Exercise aim: Nothing but a verbatim copy of the data, minus the images, should be returned.

Collected material:
....

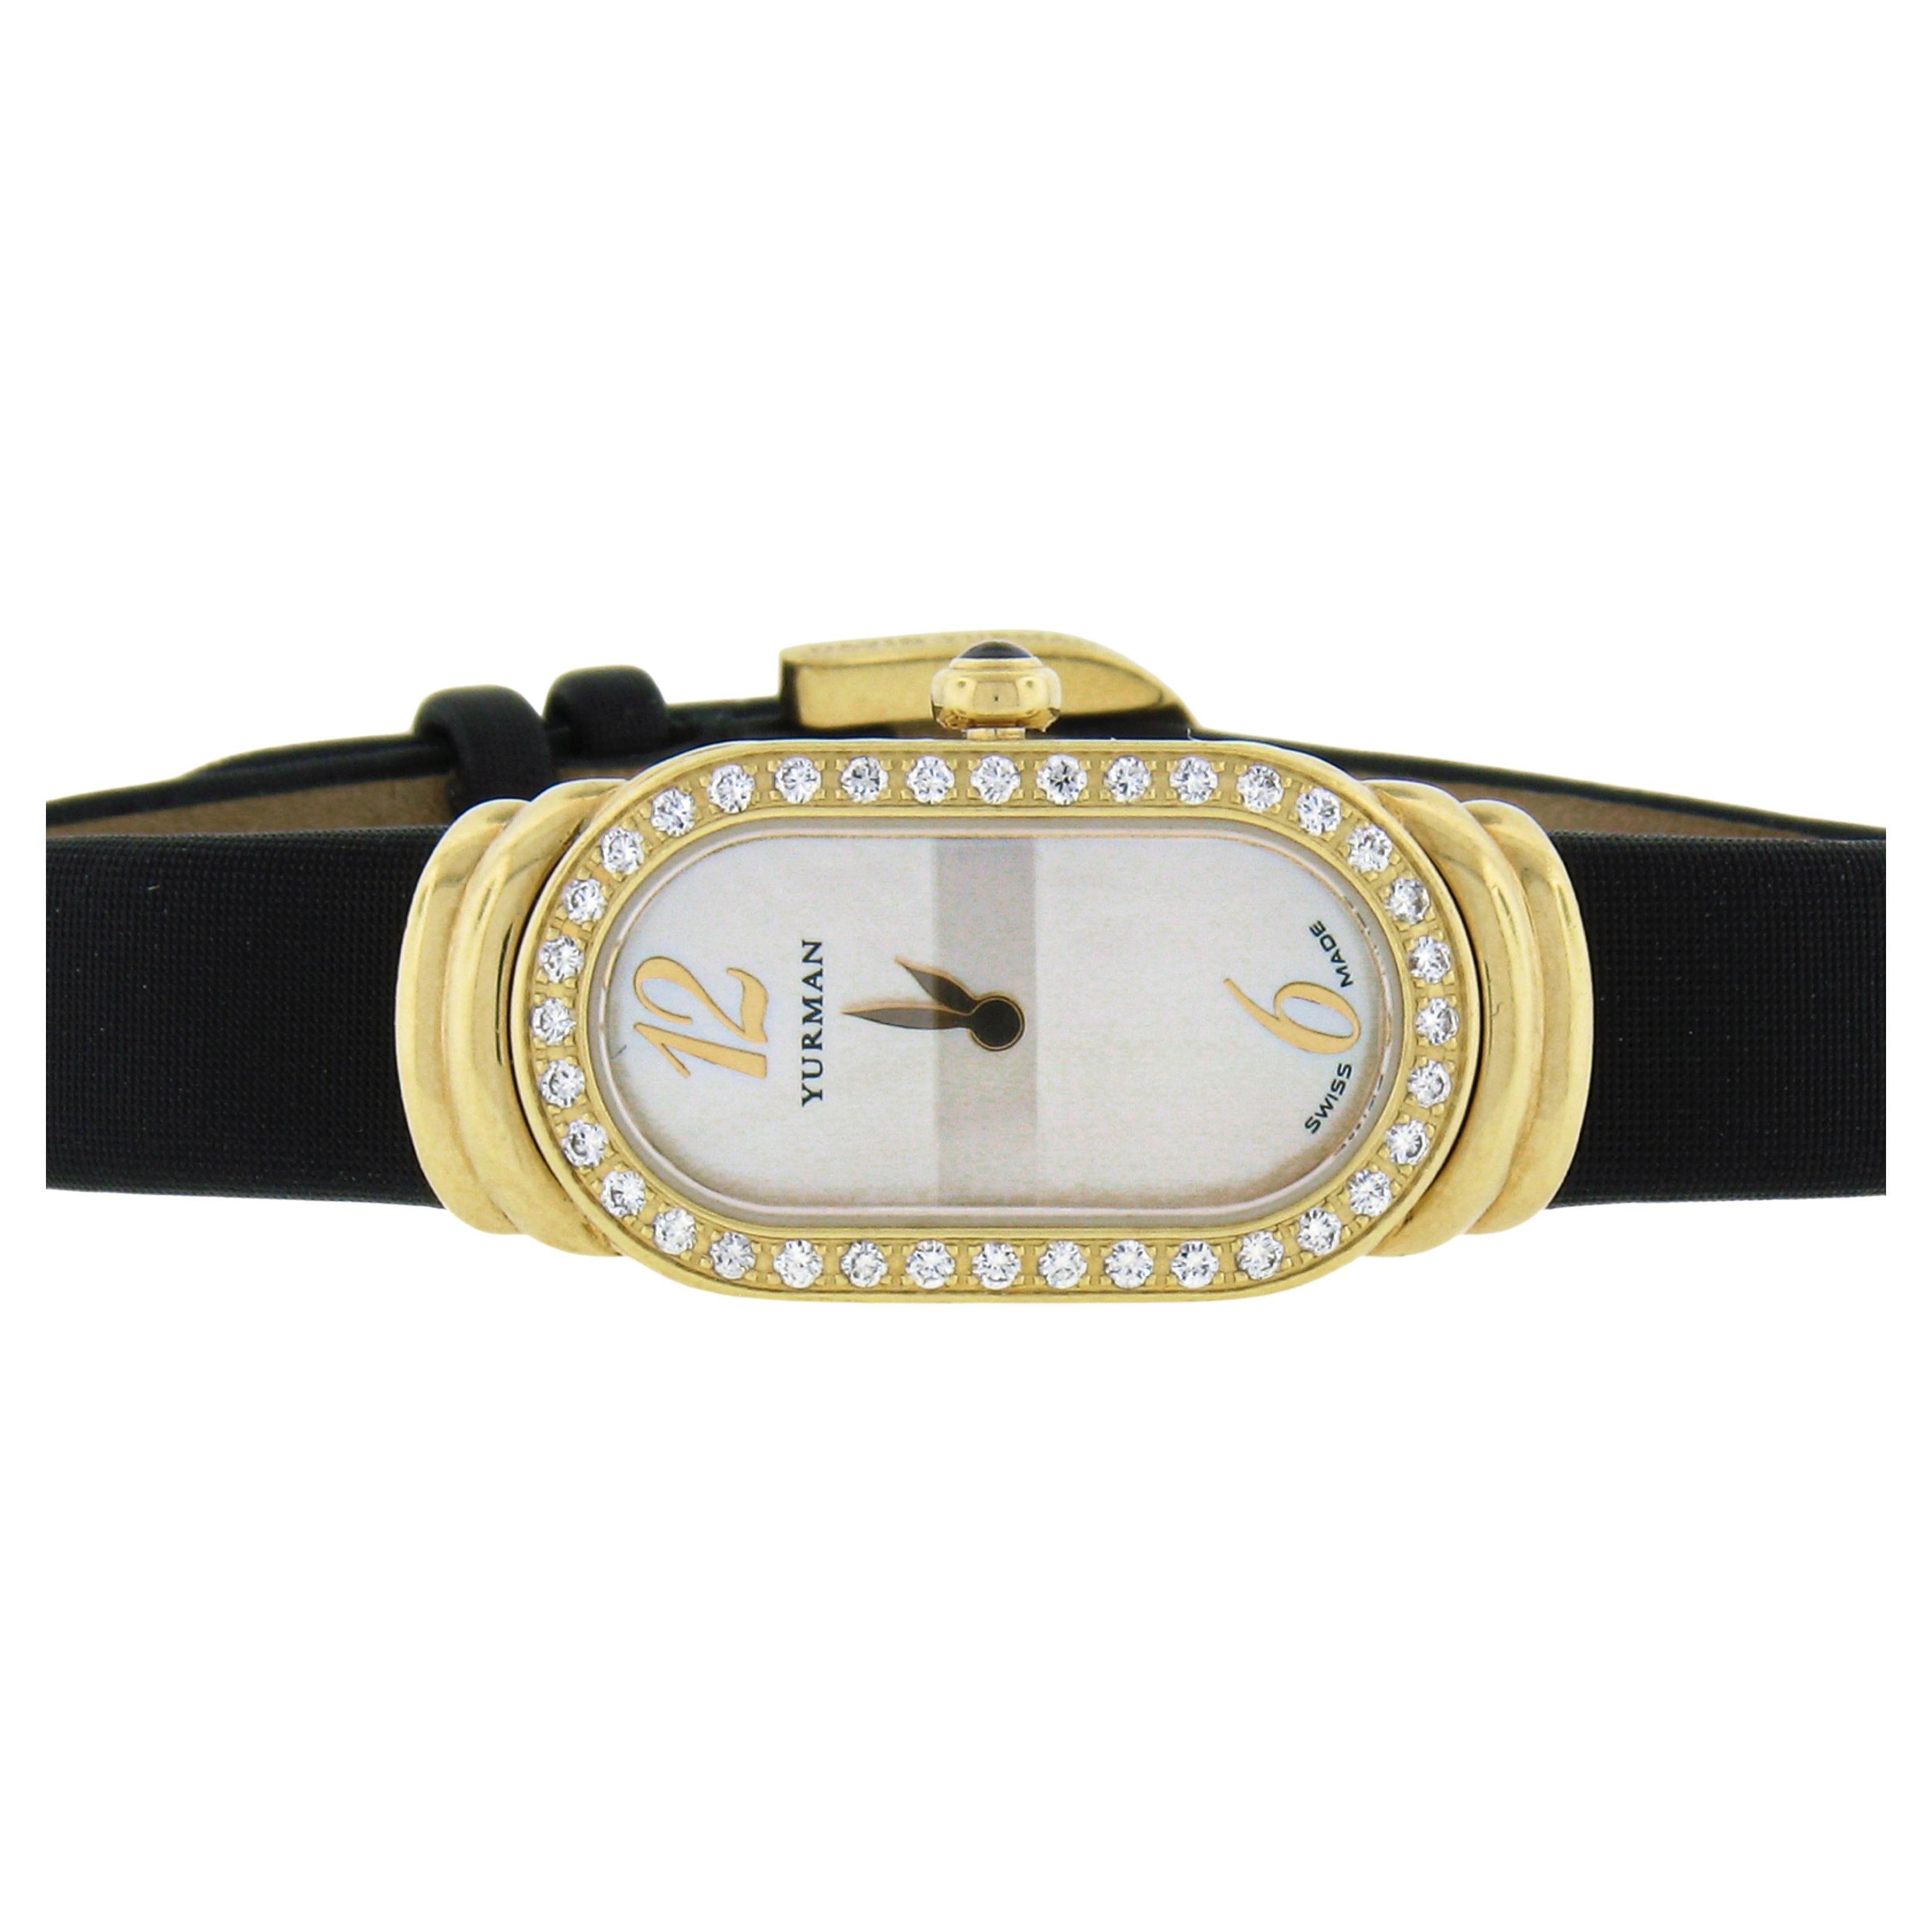 David Yurman Madison Petite 18k Gold Diamond Bezel MOP Dial Wrist Watch T409-P88 For Sale
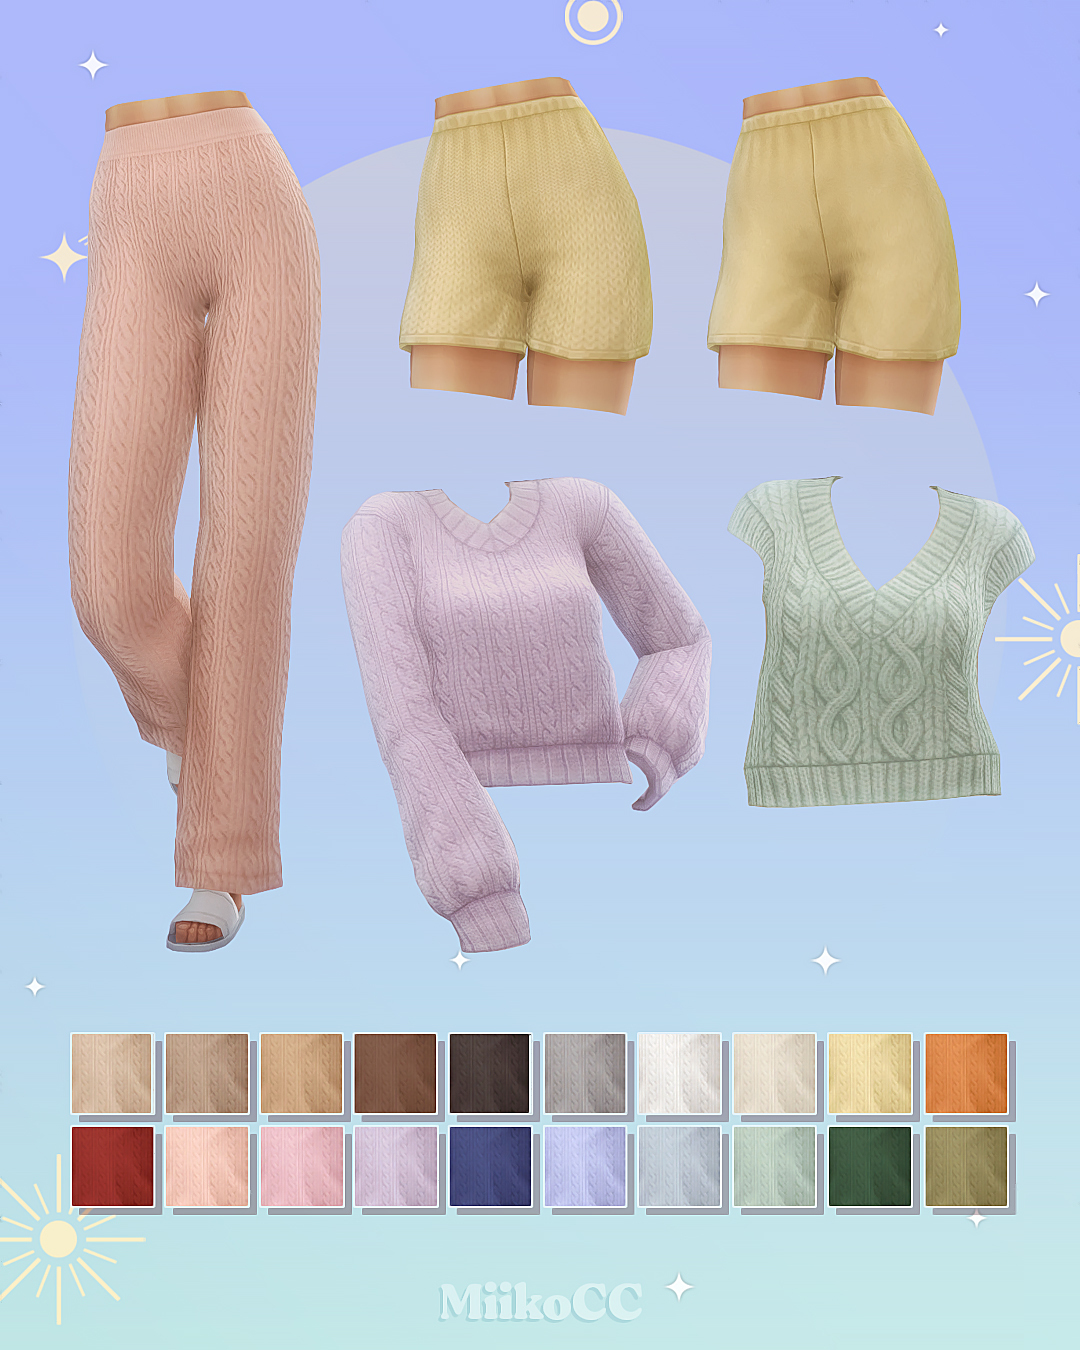 extra cozy clothing set - The Sims 4 Create a Sim - CurseForge
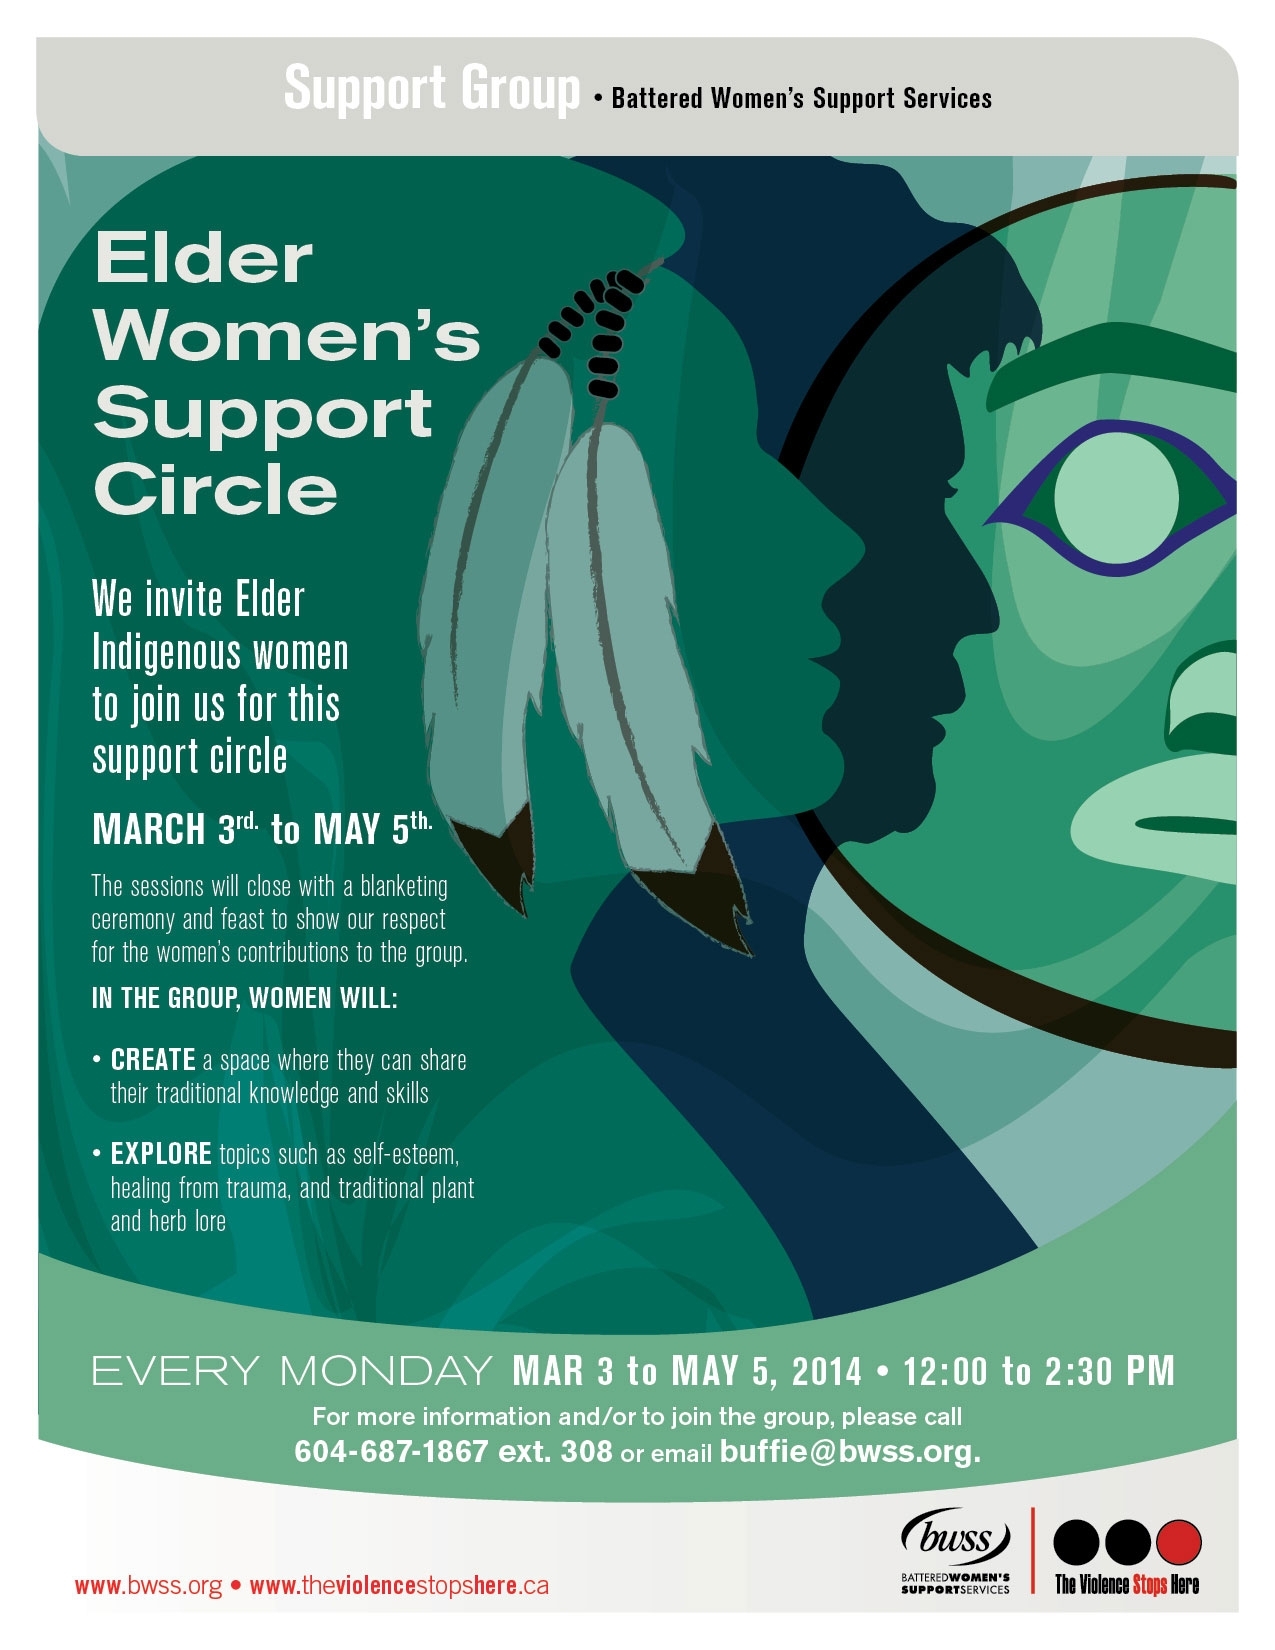 Elder Women’s Support Circle - BWSS

....

Answer space:
 David Yurman Madison Petite 18k Gold Diamond Bezel MOP Dial Wrist Watch T409-P88 For Sale
 extra cozy clothing set - The Sims 4 Create a Sim - CurseForge
 Elder Women’s Support Circle - BWSS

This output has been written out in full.